Lucrezia Buccellati, jewelry designer and co-creative director of Italian jewelry house Buccellati, said this is especially true in Asian markets. He explained that colored stones allow for more creative designs and often attract buyers who want more unique and personalized pieces.
Consumers may also be looking for alternatives to diamonds.
“There is a real shortage of gem-quality material coming out of the earth,” said Angara’s Daga. He explained that it is more difficult to replicate colored gems in the laboratory. Unlike diamonds, the stone’s inclusions – or minerals trapped inside during formation – provide character and increase the value of a colored gemstone.

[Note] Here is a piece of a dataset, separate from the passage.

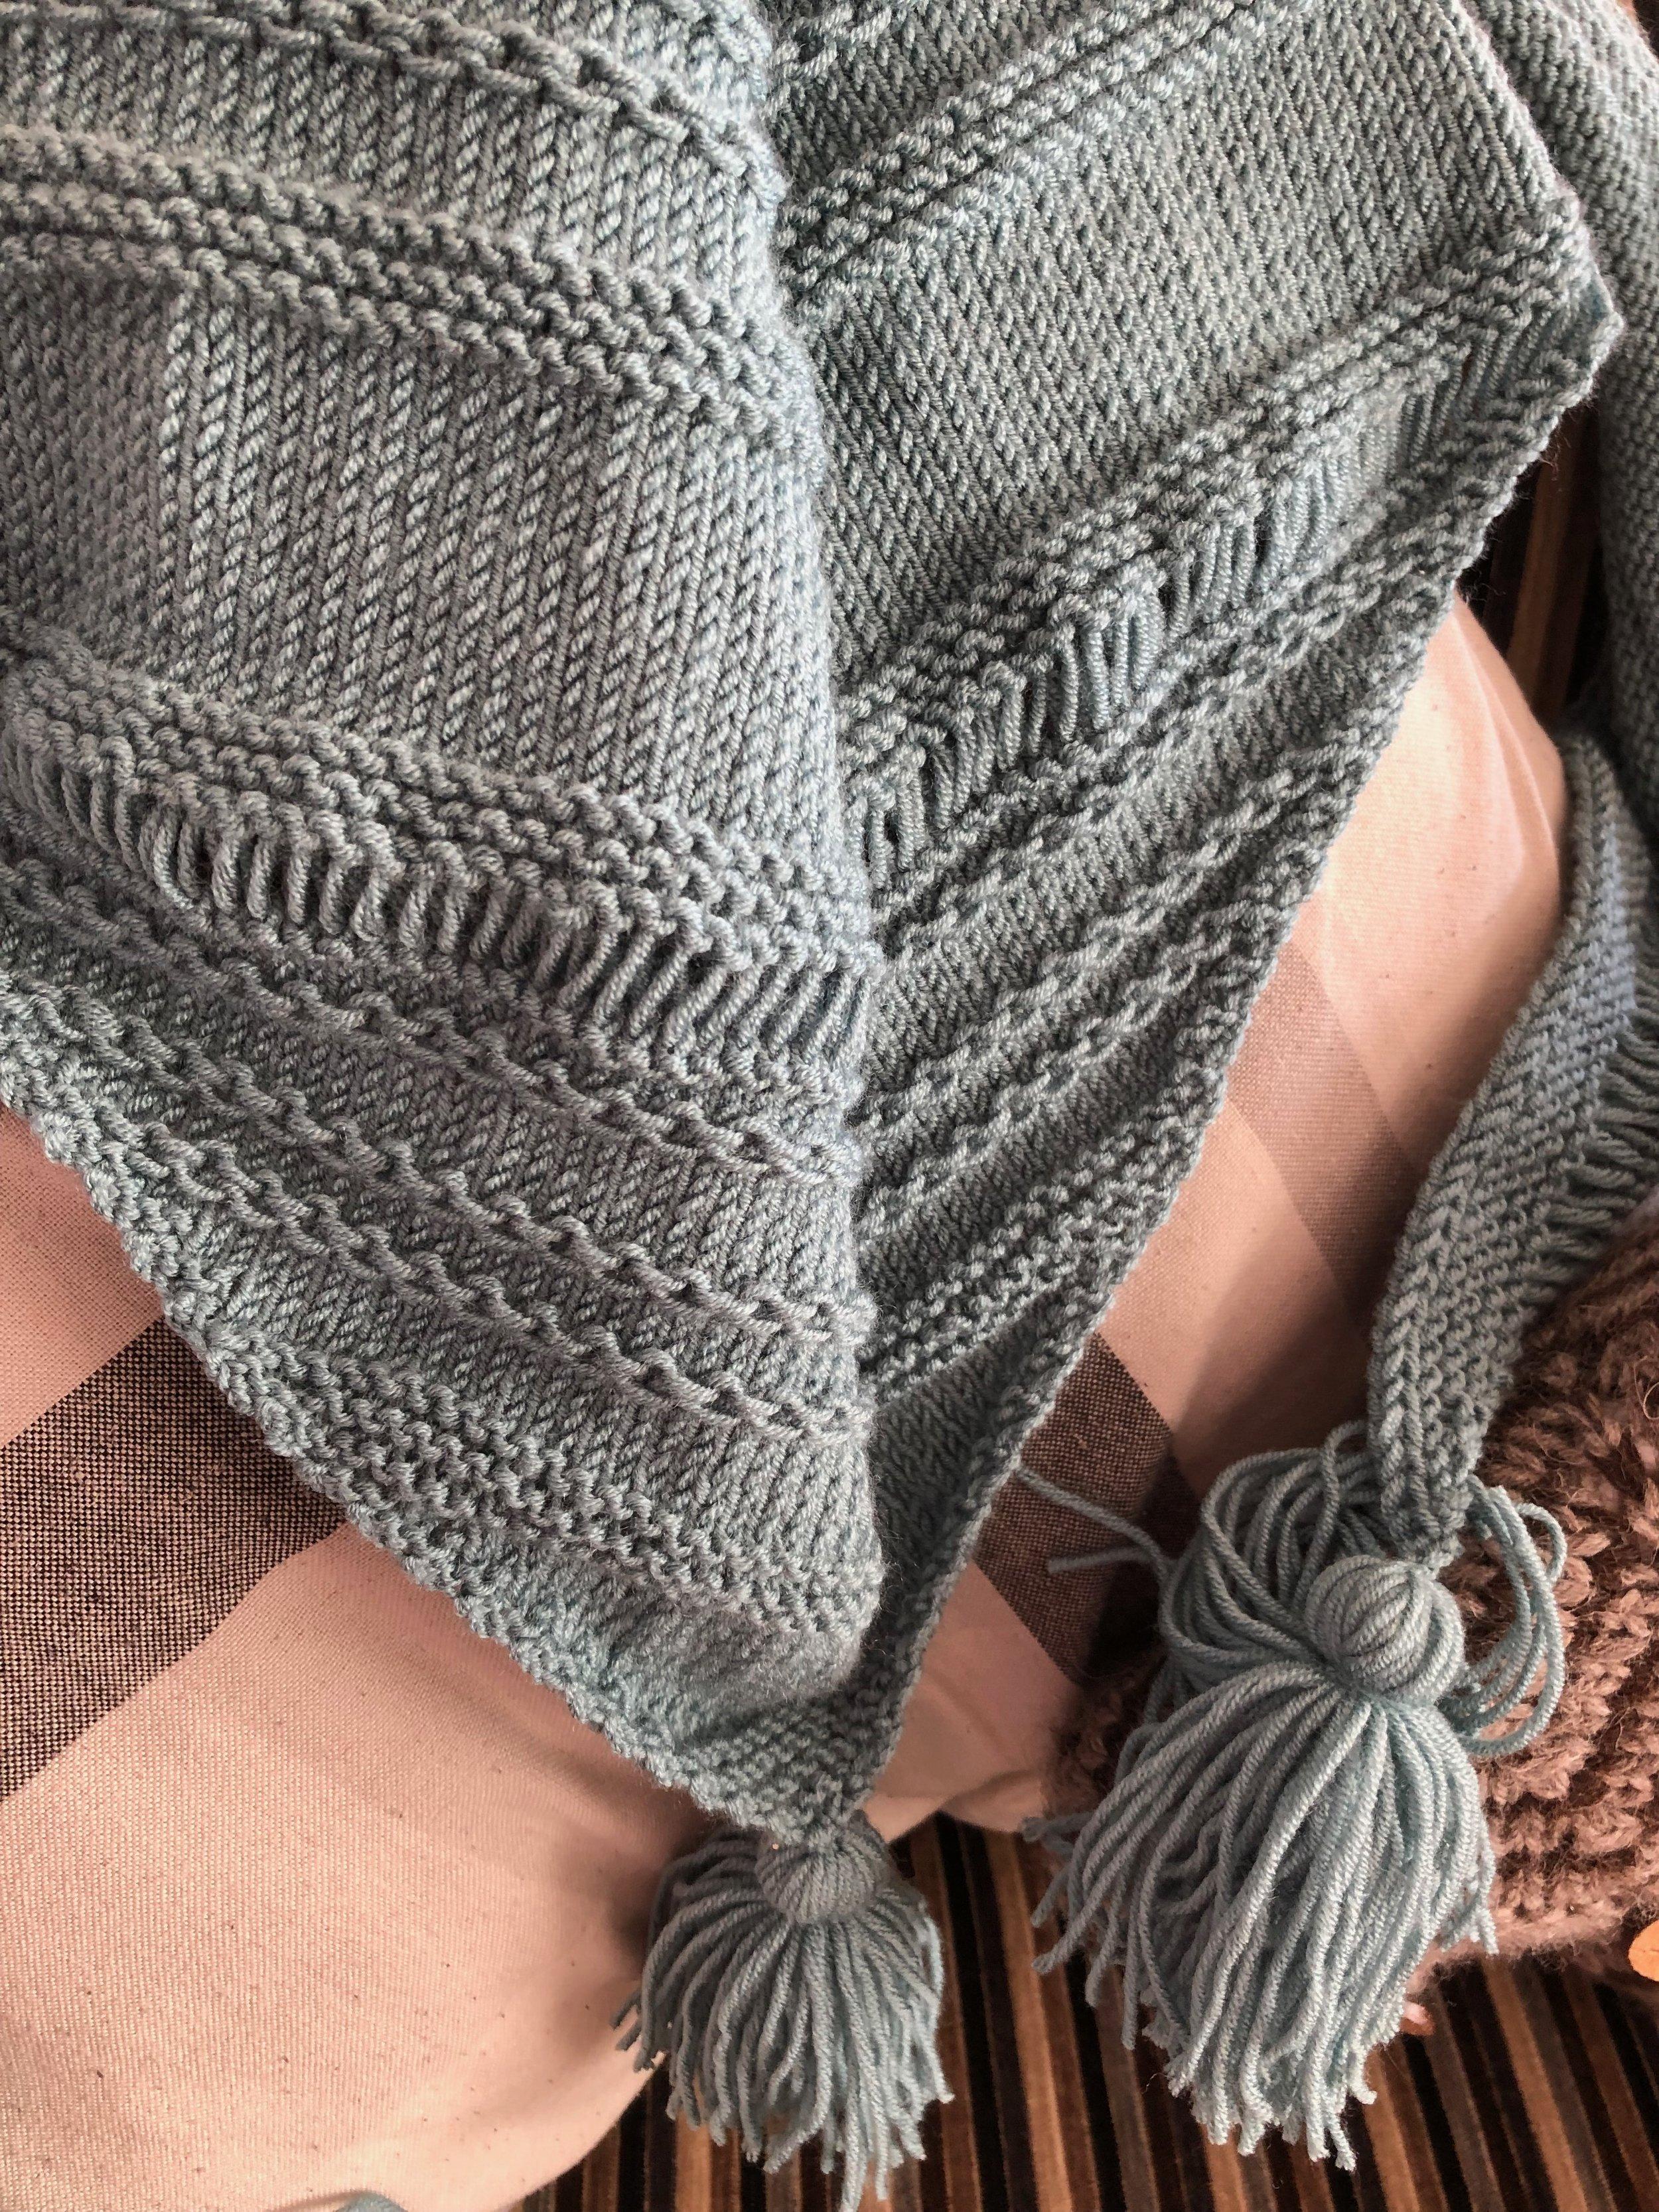 Chain Reaction Shawl Knitting Pattern

DeSante compared each to a piece of art, saying, “No two are exactly alike, and I think that’s what makes them so interesting for today’s market.” “In a world where we’re seeing lab-grown diamonds being made, and it feels like this conveyor belt… you can’t do that with sapphires or rubies or emeralds.”
Daga said he expects the price of colored gems to rise faster than that of gold.
“If you look at the Sotheby’s and Christie’s auctions, these gems are trading at numbers that no one would have imagined five years ago, and that’s only going to increase,” he said. “Color is in vogue.”
Daga said the colored gems have traded at auction houses at two to three times the estimate, which is “very unusual”, as auction houses usually adjust to low and high bids relatively well.
As evidence of the trend’s strength, Daga estimated that about 15% of engagement rings today feature colored gemstones, up from 5% a decade ago. They have perhaps become more popular thanks to celebrities like Kate Middleton, Eva Longoria, Halle Berry, Rita Ora and Halsey.
Actress Halle Berry’s engagement ring on March 5, 2013 and Eva Longoria’s engagement ring on January 13, 2016.
Greg DeGuire | JB Lacroix | WireImage | getty images
This trend has also attracted young consumers. DeSante said that in 2025, Millennials and Gen Z will account for 44% of Christie’s luxury buyers.
If widespread uncertainty persists, experts like Rayal said they expect jewelery investment to continue. Buccellati agreed, saying that within high luxury, he expects jewelery to continue to grow and overtake soft luxury goods.
However, there are some challenges, including liquidity, security concerns and storage costs. And unlike stocks or real estate, jewelry does not provide income to its owners.
“Jewelry should not be viewed as a financial asset on par with equities or ETFs – the liquidity, transaction costs and spread of returns are much higher,” Ortelli said.
He said the long-term outlook for branded luxury jewelery is positive, but cyclical.
“The category performs best in a supportive macroeconomic environment with increasing wealth creation and political stability. … In the event of a severe macroeconomic downturn, demand will decline,” he wrote.
And this is where some collectors may find comfort in the more emotional aspects of jewelry.
“I think there’s something really romantic about colored stone,” DeSante said. “When you think that it was formed on Earth hundreds of thousands of years ago, it’s really incredible. And if it’s a Kashmir sapphire – that mine was only mined for 20 years in the early 1900s – then there’s a certain romanticism behind it that you can’t replicate.”